富士フイルムが培地事業へ本格参入したのは、2017年の和光純薬工業(現・富士フイルム和光純薬)の買収が大きなきっかけでした。さらに2018年には米国の大手企業を買収するなど、積極的なM&Aによって事業規模を急速に拡大させています。今回のオランダ拠点設立は、これら買収した技術を世界規模で統合・活用する戦略の重要な一手と言えます。

ネット上では「単なる事業拡大ではなく、物流コストの削減や地産地消を目指す堅実な戦略」と評価する意見も目立ちます。編集者の私見として、写真フィルムで培った高度な化学合成技術や品質管理のノウハウが、バイオという全く異なる分野で結実している点は非常に感慨深いものがあります。伝統ある企業の自己変革こそ、現代のビジネスモデルの理想形ではないでしょうか。

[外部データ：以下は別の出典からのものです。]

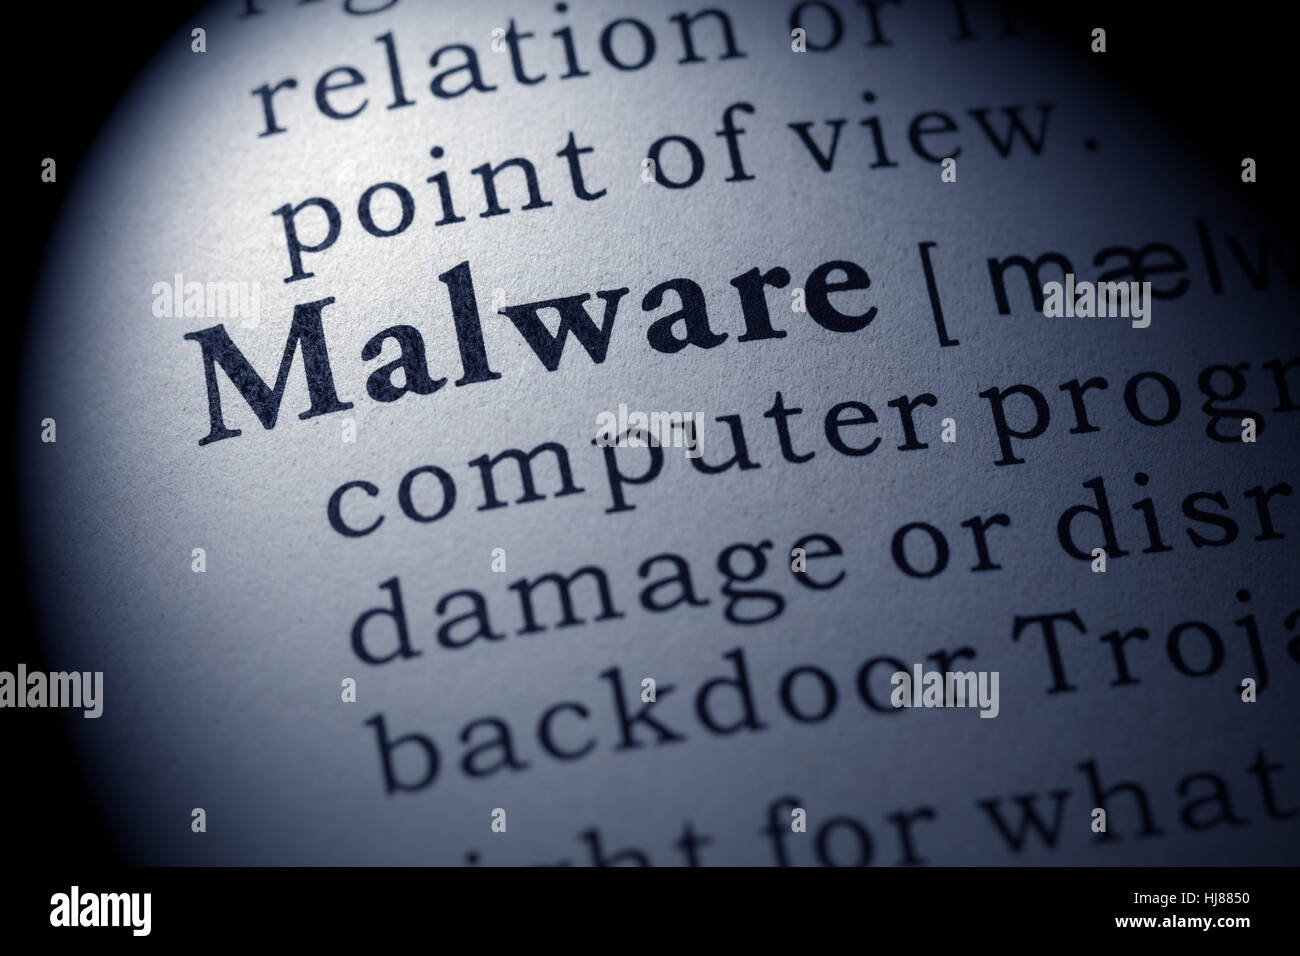 Fake Dizionario, definizione del dizionario della parola Malware. comprendente i principali parole descrittive. Foto Stock

これからの数年間で、バイオ医薬品や再生医療はより私たちの身近なものへと進化していくことが予測されます。2019年07月09日に発表されたこの投資は、数年後の医療現場を支える屋台骨となるはずです。世界中どこでも高品質な培地を供給できる体制を整えた富士フイルムが、今後どのように業界の景色を塗り替えていくのか、その動向から目が離せません。